A classification tree is a structural mapping of binary decisions that lead to a decision about the class (interpretation) of an object. The top of the tree is the Root Node (The Root) which leads to Internal Nodes (Branches). These have arrows pointing to them and arrows pointing away from them. Finally, the bottom of the decision tree is called Leaf Nodes (Leaves). It is a non-parametric supervised learning method used for classification and regression.
To check which values will result in the highest accuracy, we will check the maximum depths: [5, 10, 15, 20]
and the minimum sample split: [10, 100, 200, 400, 800]

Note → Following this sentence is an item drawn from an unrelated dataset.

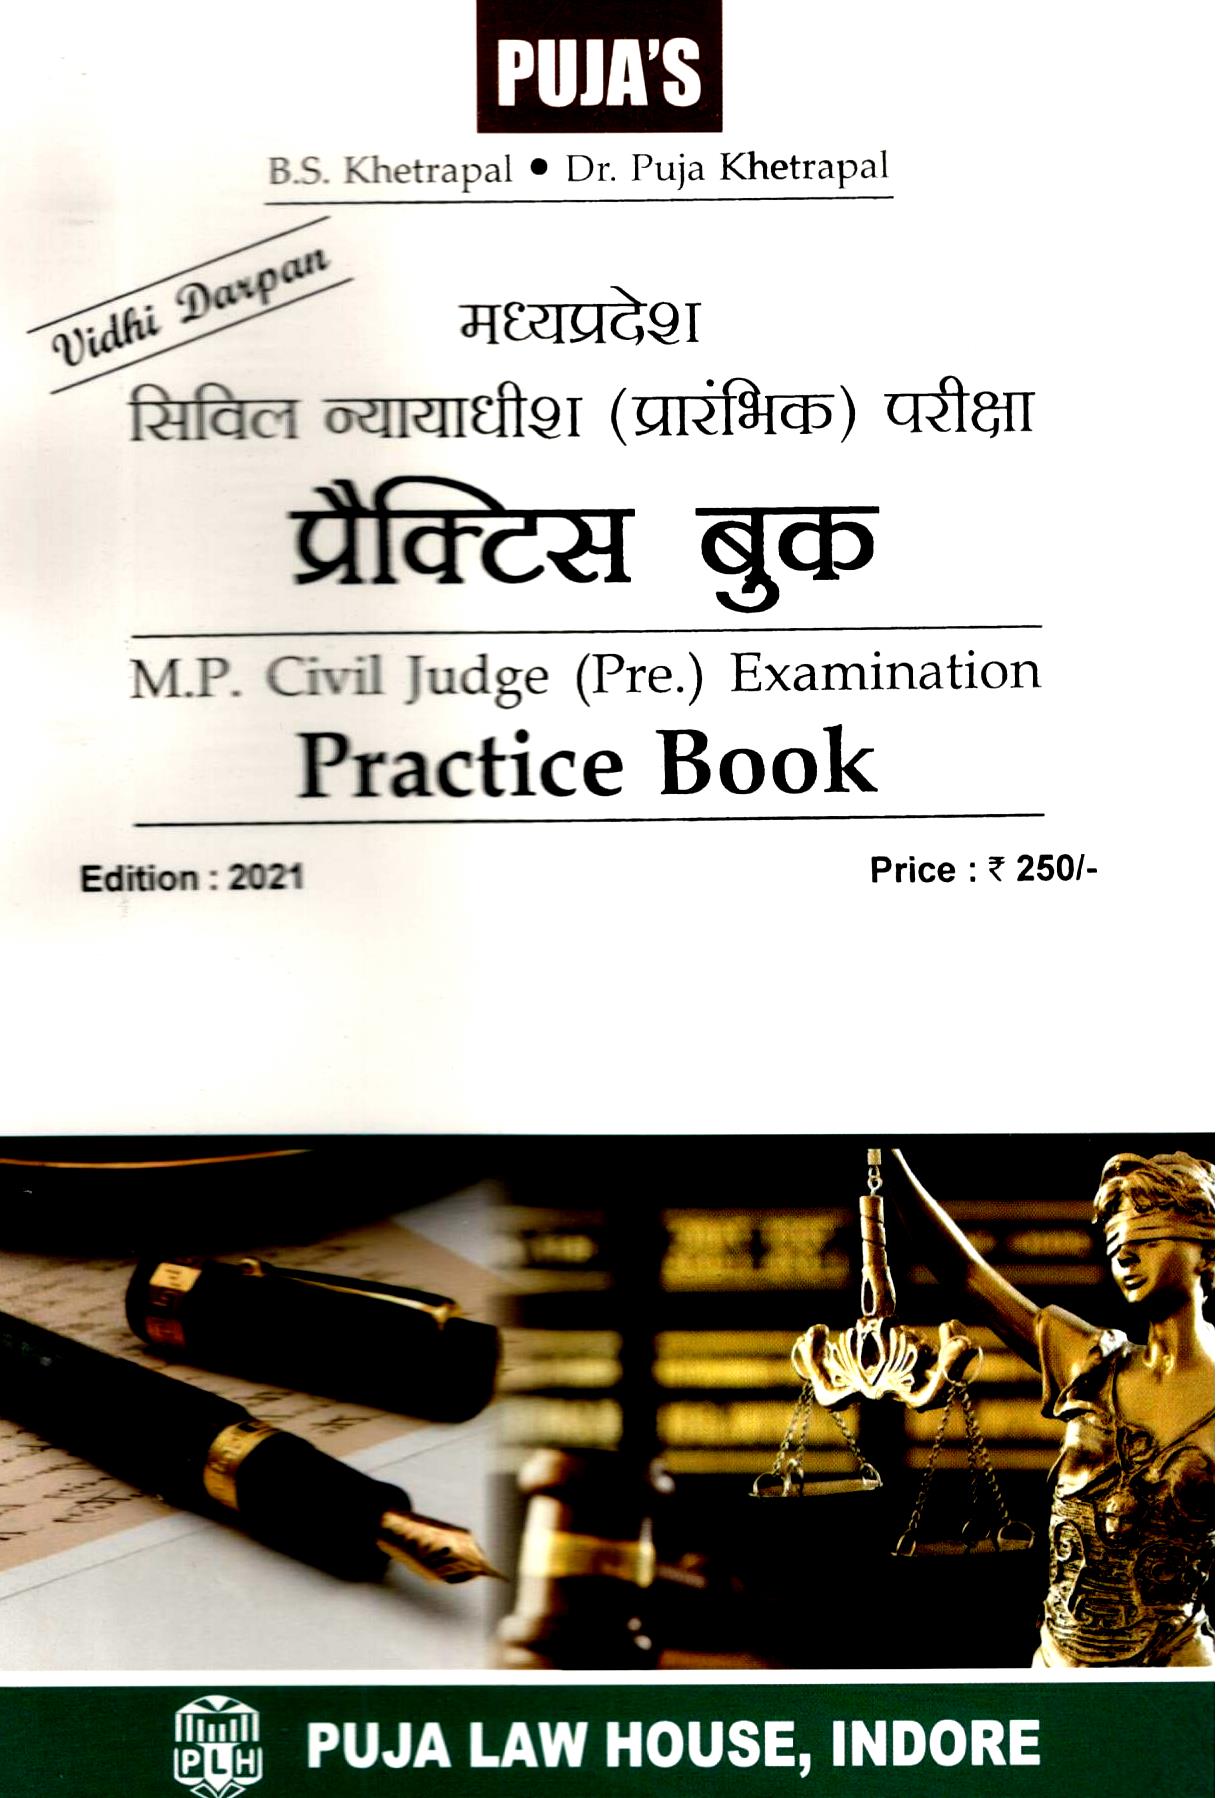  Buy M.P. Civil Judge (Pre.) Examination Practice Book / बी.एस. खेत्रपाल | डॉ पूजा खेत्रपाल मध्य प्रदेश सिविल न्यायाधीश (प्रारंभिक) परीक्षा प्रैक्टिस बुक

. The results are shown below:
From our calculations, we can see that the maximum depth of 10 and the minimum sample split of 400 will give us the highest accuracy. Therefore, we will create a decision tree with these values.
Output:
Accuracy on training data = 0.6657249520734537
Accuracy on test data = 0.6377762082534557
Based on all the accuracies, the Decision Tree worked best with the highest accuracy achieved for the Test Data of 0.6377. For the K-NN classifier, the parameter K can influence the accuracy. Choosing smaller values for K can be noisy and will have a higher influence on the result while larger values of K will have smoother decision boundaries which mean lower variance but increased bias. For the SVM classifier, a larger C decreases the final training error, but if you increase C too much you risk losing the generalization properties of the classifier because it will try to fit as best as possible all the training points. If C is small, then the classifier is flat. For Decision Trees, there is a risk of overfitting when the number is higher. All three have a certain "sweet spot" where the accuracy is maximized. The model that is the easiest to interpret is the Decision Tree model because the information can be expressed in a readable form. In the K-NN model, the test is accurate about 0.567 of the time. In the SVM model, the test is accurate about 0.581 of the time. In the Decision Tree, the test is accurate about 0.638 of the time.